I'm surprised no one else mentioned this.. Theres a reason vans have the cages.. I wouldnt want a bunch of stuff piled up behind my head while driving. I try to keep the pile of sharp items behind my seat to a minimum for this reason :-\


----------



## Big John (May 23, 2010)

Hippie said:


> ...Theres a reason vans have the cages. I wouldnt want a bunch of stuff piled up behind my head while driving....


 That might actually be the reason that I can't find these pre-made: the liability.
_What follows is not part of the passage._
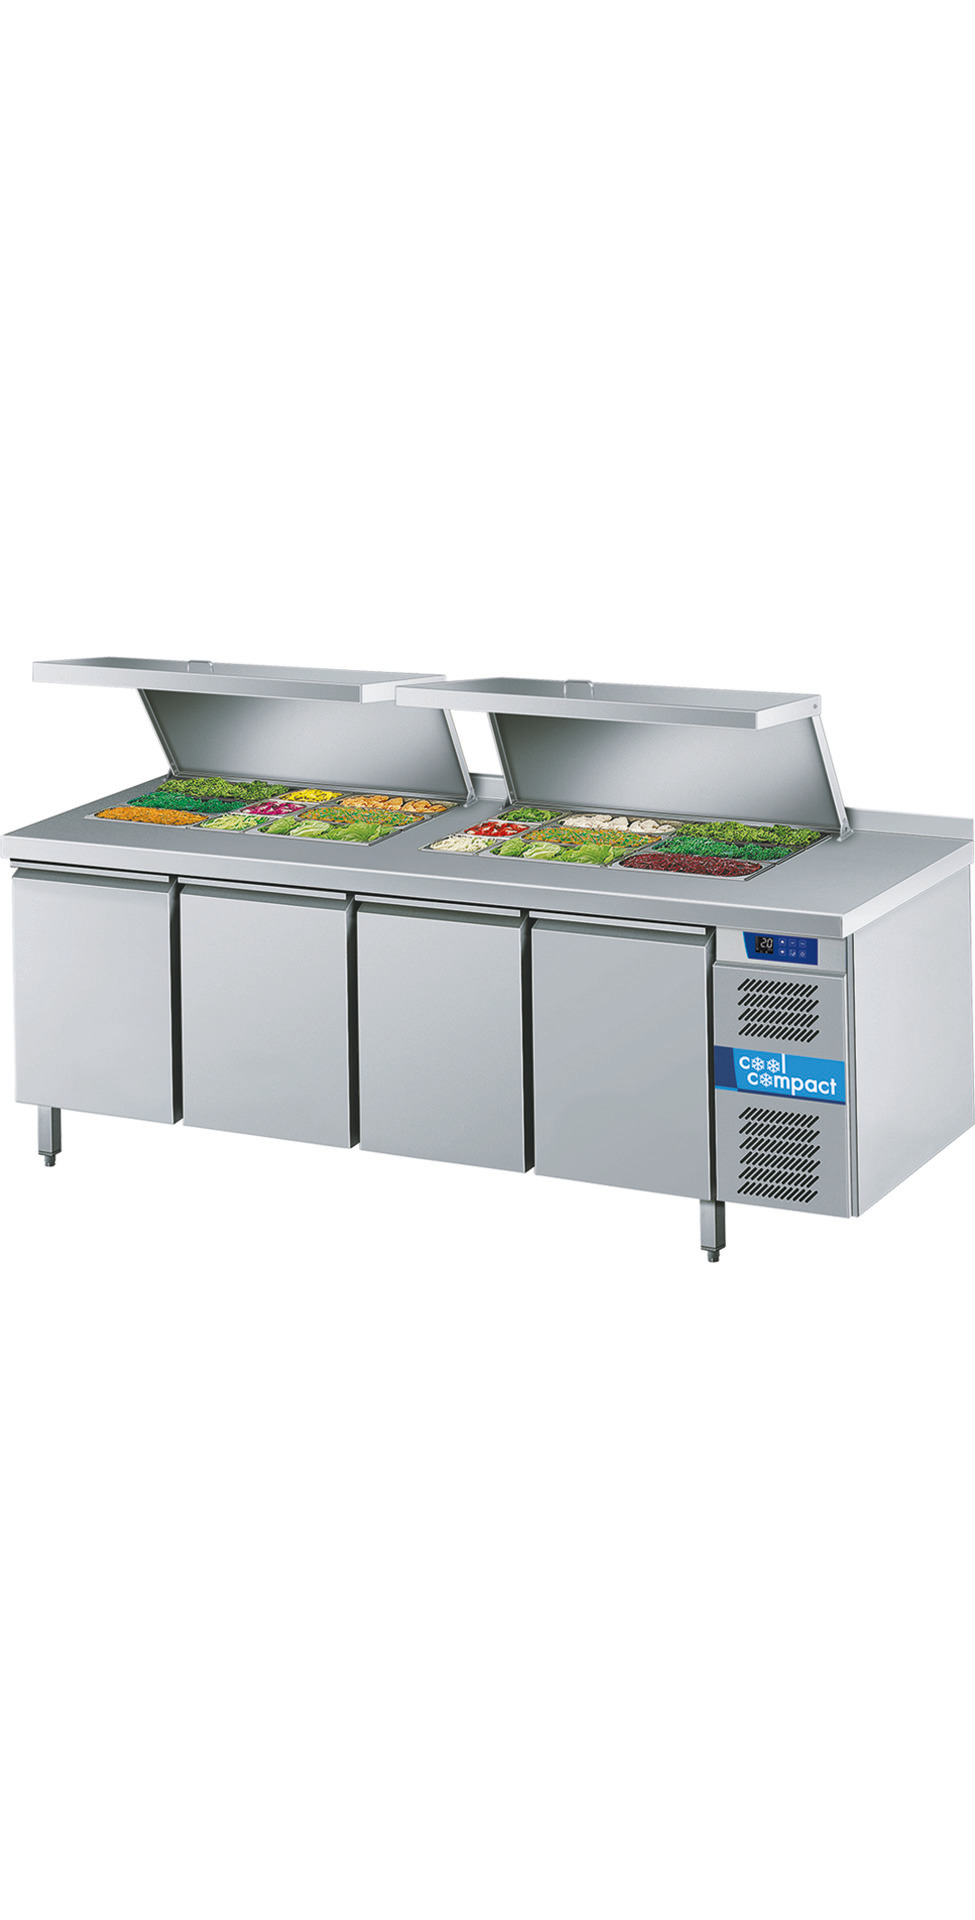 Saladette 4 Türen je 10 x GN 1/1 /  ohne Tischplatte / zentralgekühlt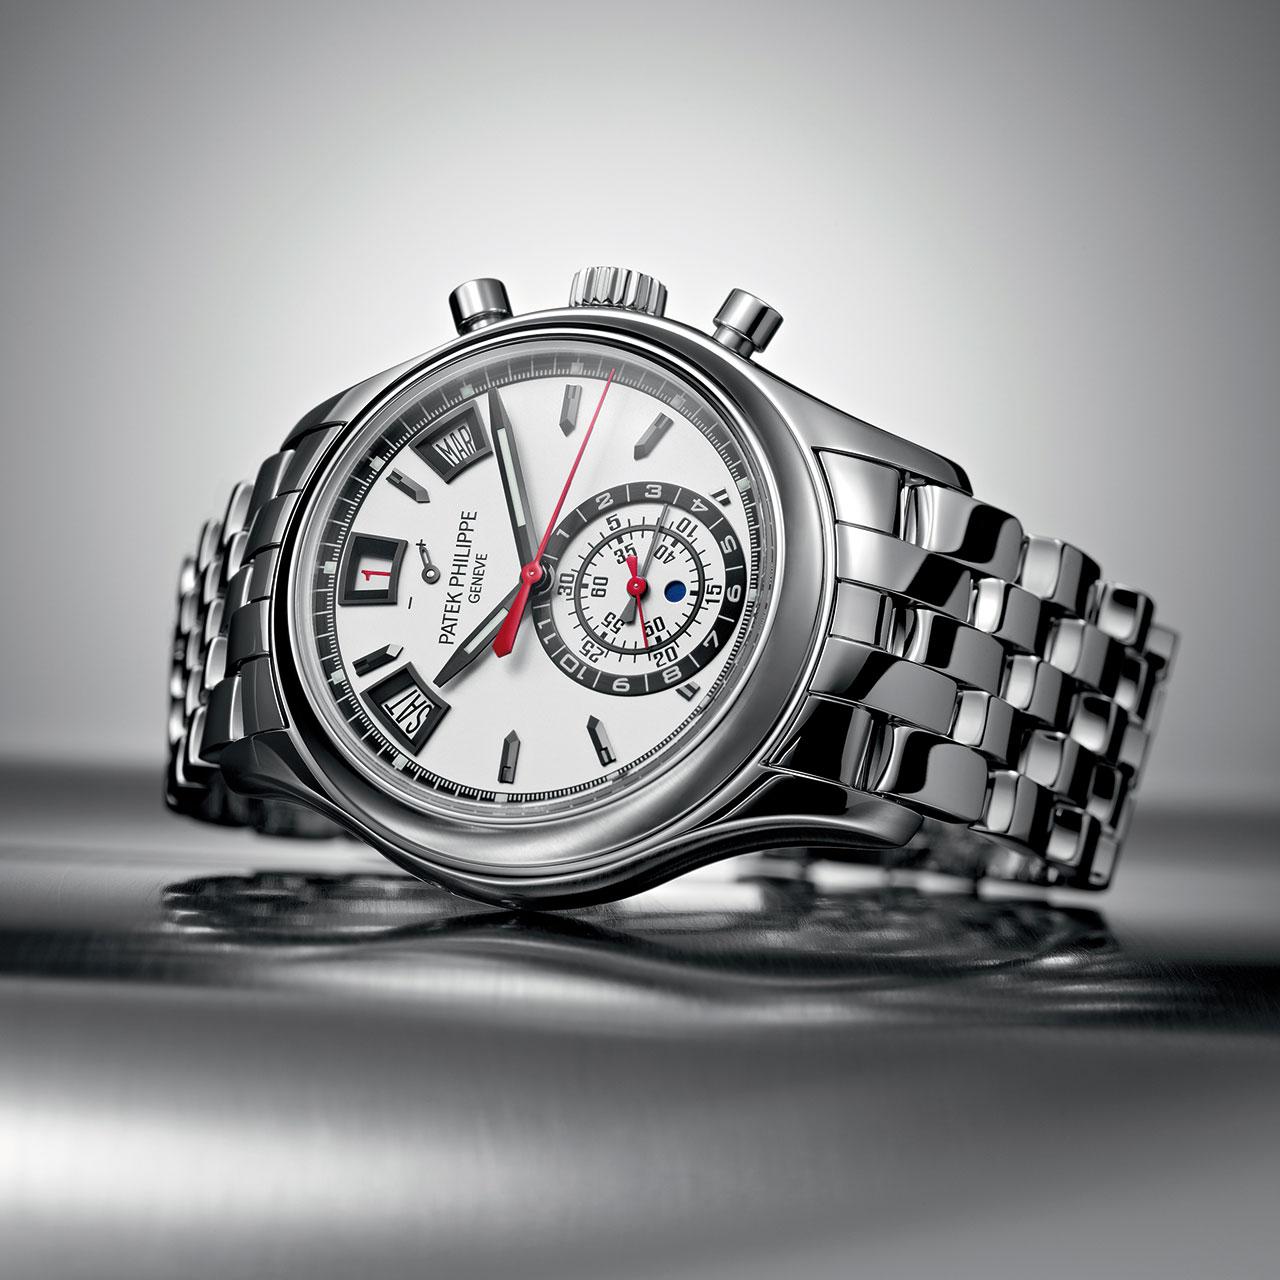 Patek Philippe Annual Calendar Chronograph Ref. 5960/1A-001 Automatic Watch

But I have no intention of stacking stuff higher than the seat-backs and it's already riding around back there, so shelves just make it organized.

-John


----------



## Sparky J (May 17, 2011)

I would say unless they would turn into deadly weapons, if you need storage you could try milk crates or the plastic tubs like they use at CVS or I have seen them at chevy dealers where my buddy used to work. The tubs are nice and stackable but depending on how you need to set them up you probably would have to secure them somehow if you stack them.


----------



## bubb_tubbs (Apr 15, 2012)

chewy said:


> We have tradesman called engineers here, you go to their shop and tell them what you want and they measure it up and build it out of steel or aluminium. You dont have guys like that? Sort of like a modern day blacksmith.


We call them millwrights.


----------



## BBQ (Nov 16, 2010)

chewy said:


> We have tradesman called engineers here, you go to their shop and tell them what you want and they measure it up and build it out of steel or aluminium. You dont have guys like that? Sort of like a modern day blacksmith.


Of course we do but I doubt John wants to spend 3000 bucks on a custom fabed unit.


----------



## chewy (May 9, 2010)

BBQ said:


> Of course we do but I doubt John wants to spend 3000 bucks on a custom fabed unit.


Geez, 3k for a couple of shelves????

A guy out in the country fixed the A frame of our tugger and made me a stake when we couldnt have it on the towball of the truck and it cost was a steak and cheese pie and a can of coke for his smoko, haha.


----------